Цель исследования. Выявить прогресс Республики Казахстан в области биотехнологии. Задачи: а) выявить динамику публикационной активности казахстанских ученых и ученых всего мира в области биотехнологии; б) оценить нынешнее положение казахстанских ученых в сфере биотехнологии среди стран Средней Азии.

Материалы и методы. Материалом для проведения анализа являются данные библиографической базы данных Scopus. Scopus - крупнейшая в мире универсальная реферативная база данных, с возможностью отслеживания научной цитируемости публикаций. Использовались следующие методы: сравнительный анализ, ранжирование, статистический анализ, литературный обзор.

Результаты и обсуждения. Количество статей РК на сегодняшний день в сфере биотехнологии – 133. Стран на международной арене -202. Результат анализа динамики публикационной активности на мировой арене: Казахстан в 1996 г.-0 статей; с 1997 по 1998 гг.-1 статья (109 место), индекс Н-12; в 1999 г.- 2 статьи (86 место), индекс Н-12; в 2000 г.-1 статья (107 место), индекс Н-12; а 2001 г.- 0 статей; в 2002 г.-1 статья(99 место), индекс Н-12; в 2003 г.-3 статьи, индекс Н-12 (81 место); в 2004 г.-1 статья, индекс Н-12(112 место); в 2005 г.-2 статьи ,индекс Н-12(102 место);в 2006 г.-1 статья, индекс Н-12(114 место); в 2007 г.-3 статьи, индекс хирша-12(98 место); в 2008 г.-1 статья, индекс Н-12(130 место); в 2009 г.- 4 статьи, индекс Н-12(103 место); в 2010 г.-5 статей, индекс Н-12(107 место); в 2011 г.- 3 статьи, индекс Н-12 (117 место); в 2012 г.- 1 статья, индекс Н-12(139 место); в 2013 г.-3 статьи, индекс Н-12 (118 место); в 2014 г.-19 статей, индекс Н-12(71 место); в 2015 г.-81 статья, индекс Н-12(48 место). Всего с 1996 по 2015 гг.-133 статьи. Лидером в научно - публикационной активности в сфере биотехнологии на международной арене с 1996 по 2015 гг. является - США,103877 статей.
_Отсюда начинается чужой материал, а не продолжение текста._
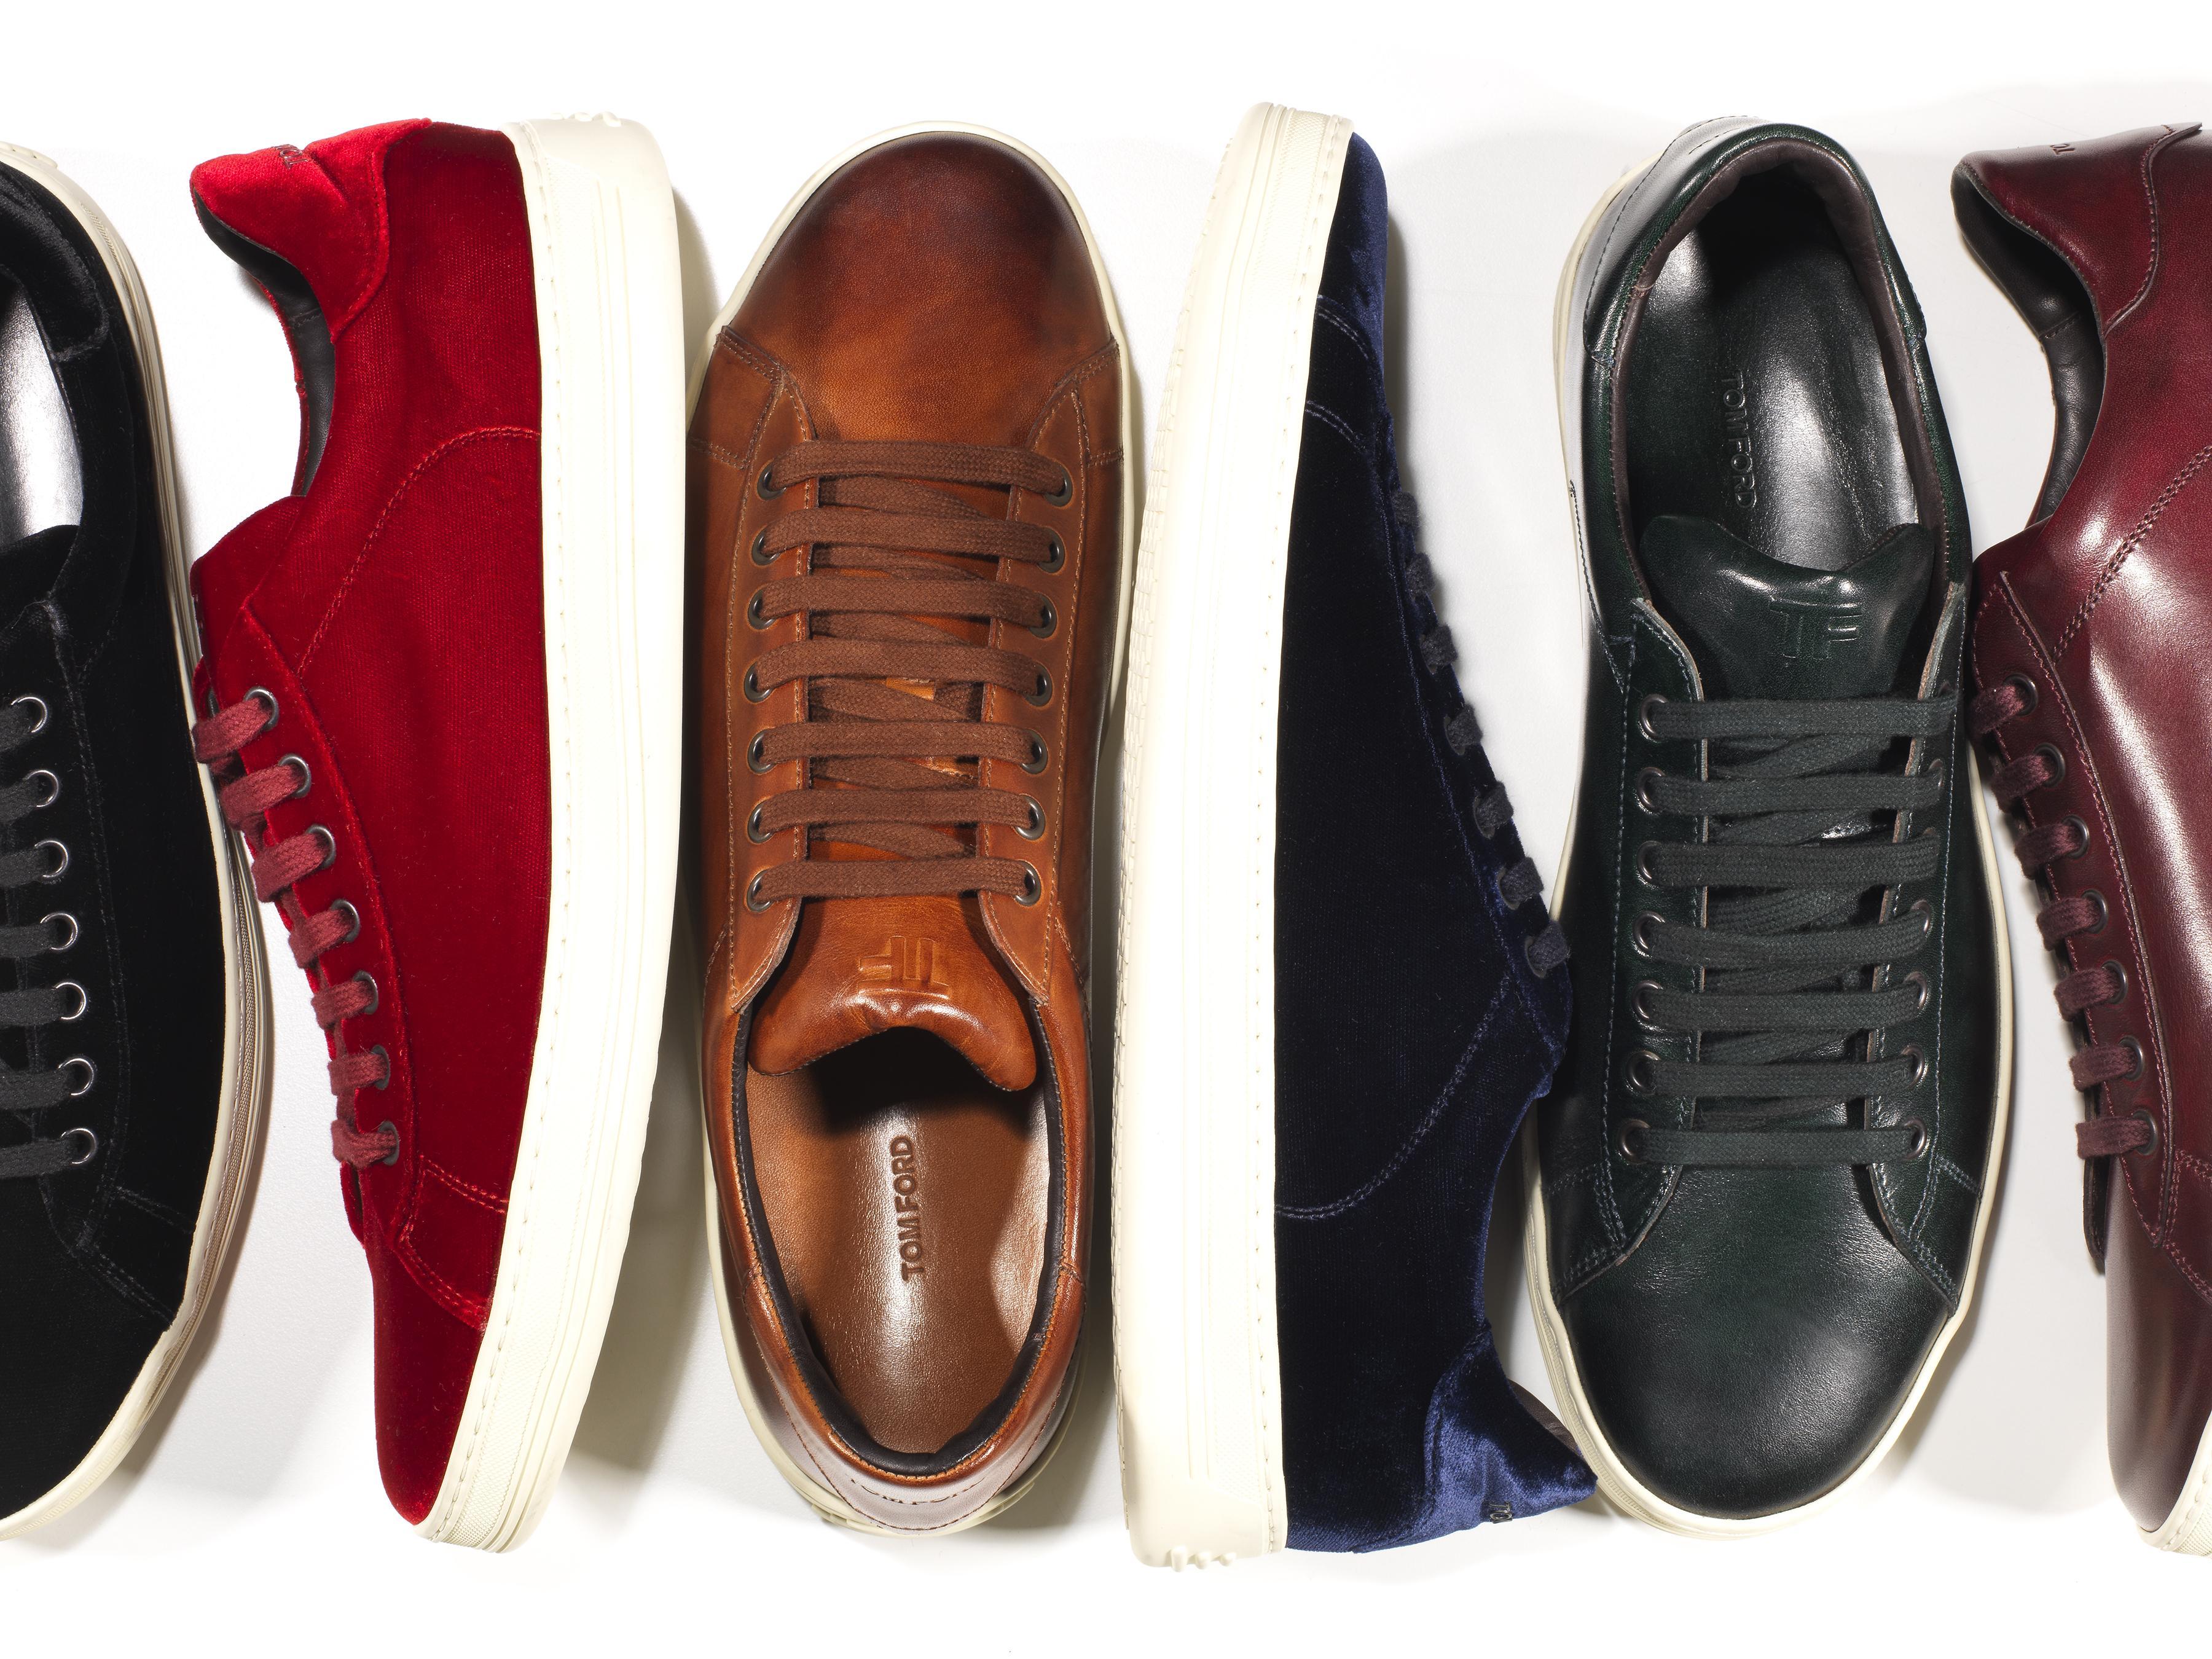 Men Tom Ford Loafers SHJKY8xn fashion shoes break down price on sales

Казахстан занимает лишь 80 место (из 202 стран), немного отстает от Люксембурга, но опережает Перу, Уганду, Узбекистан и Ирак (рис. 1).В Средней Азии РК занимает -1 место. Узбекистан – 2 место. Количество статей - 71. Киргизстан-9 статей(3 место). Таджикистан - 2 статьи (4 место). Туркменистан -1 статья (5 место).

Выводы. С 1996 по 2013гг. динамика отрицательная, с 2014 по 2015гг. динамика положитель-ная. Данные говорят о том, что уровень развития в сфере биотехнологии продолжает оставать-ся низкой. В связи с этим необходима разработка новых мер и стратегий для развития данной области науки. Для развития не только биотехнологии, но и других наук, надо создать собственный онлайн-журнал для публикаций, так как в Казахстане, в отличие от других стран мира, нет не одного онлайн-журнала, что негативно влияет на научной деятельности.